SAINTS PRESERVE US
The Heartbleed of America
Years ago a friend of mine e-mailed me a link which I clicked on. Attention: You have reached the very last page of the Internet. We hope you have enjoyed your browsing. Now turn off your computer and go outside. I laughed; I spat coffee. The absurdity of the joke is profound.
Last week we learned there was something behind and beyond the endpapers of the great grid. The Internet has had a wide open back door into many reputedly secure sites for the past two years. The bug, as you know, is called Heartbleed. Its genesis is a coding flaw, perhaps an incorrect alpha-numeric sequence mis-hunted-and-pecked on a QWERTY keyboard by a tired programmer. Simple as that.
More disturbing was Friday’s revelation that the post-9/11 and now massive ‘peculiar service’ infrastructure of the United States, specifically the National Security Agency (NSA), Washington’s signal intelligence (SIGINT) ‘listeners,’ knew the screen door was unhooked and banging in the breeze from the get-go. There must’ve been other crepe soled feet on the porch. It stands to reason that Communications Security Establishment Canada (CSEC) was either aware or made aware by the NSA of the delicious scents wafting out of the figurative kitchen. It’s possible therefore that the three other countries comprising the allied SIGINT Five Eyes, the United Kingdom, Australia and New Zealand, knew about the Heartbleed bug too. And if our spooks did, well, you can bet the Chinese and the Russians and other interested parties were right there.
Nobody in the secret world breathed a word.

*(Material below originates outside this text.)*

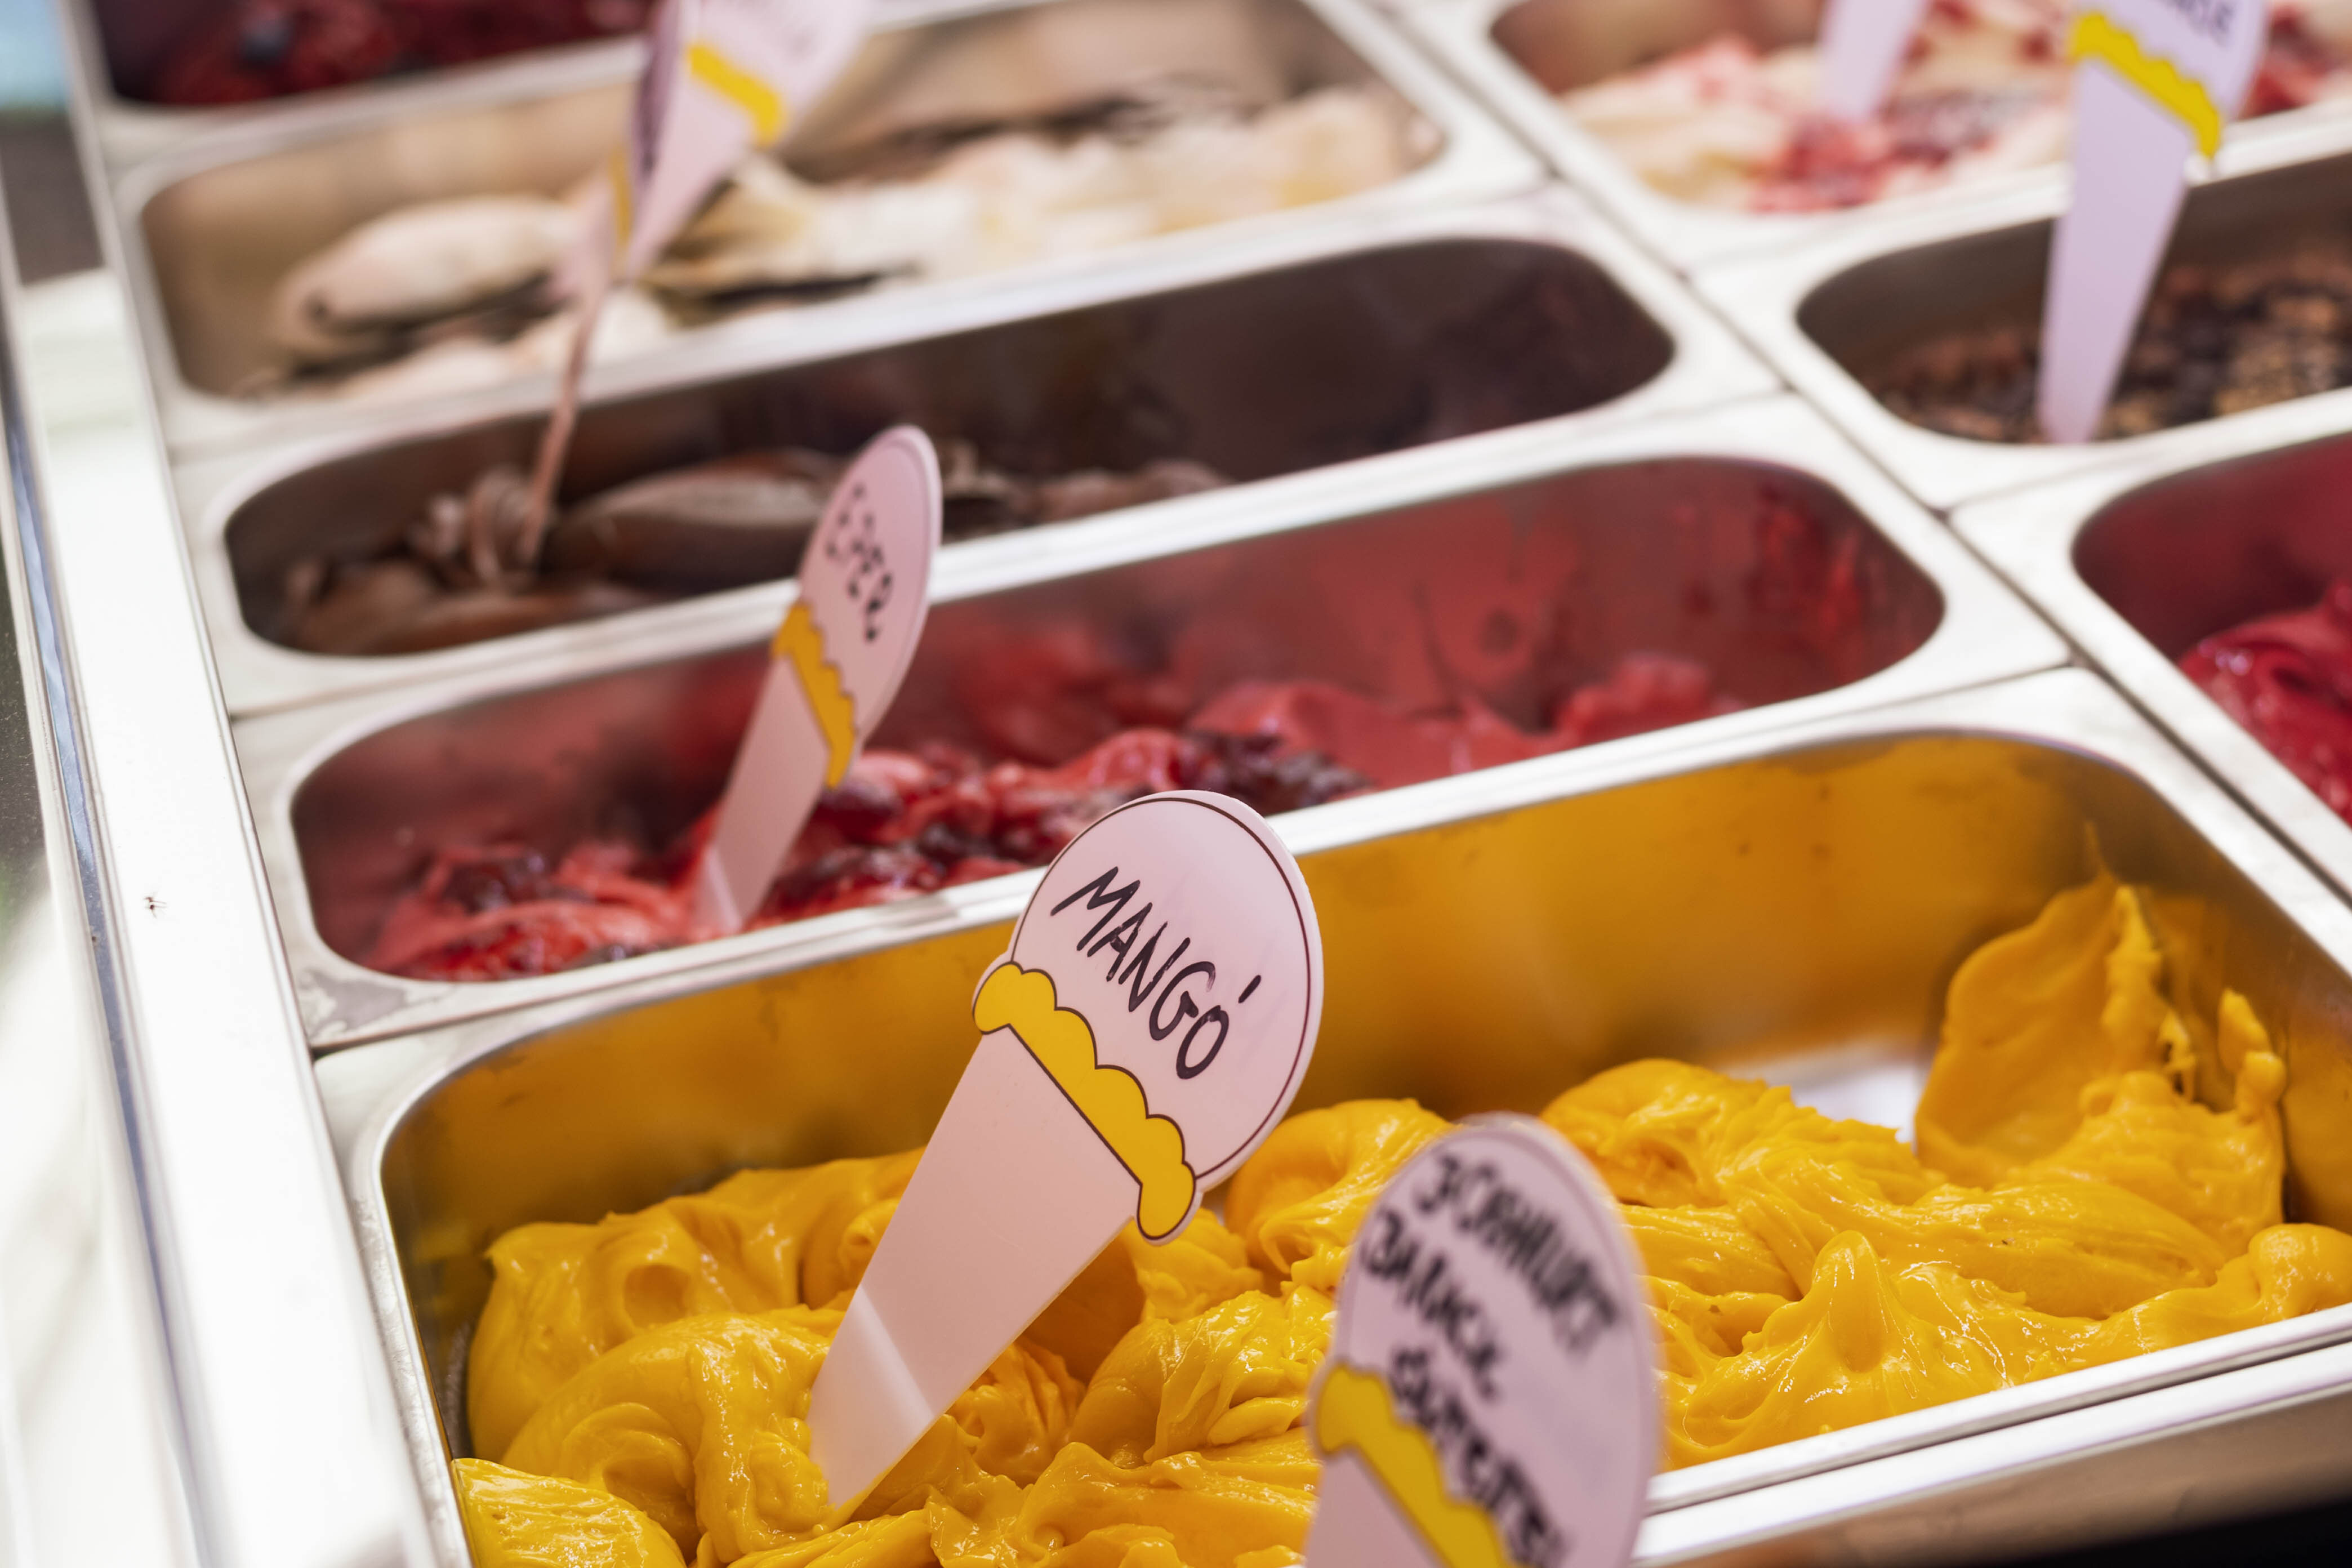 Sarokház in Balatonfüred offers unique ice creams

The Heartbleed bug was something to exploit, not patch as a public service. Agencies like the NSA and CSEC are supposed to be on our side.
What is the price of mandated silence? For General Motors, bailed out by the governments of two countries in the wake of the 2008 financial meltdown, the toll is 15 customers dead because being tight lipped for a decade over a faulty $5 part seemed to be the prudent course of inaction. Heartbleed is not a life and death matter, though it’s indicative of the fundamental conflict in the Information Age: an individual’s right to privacy versus a state’s requirement to know.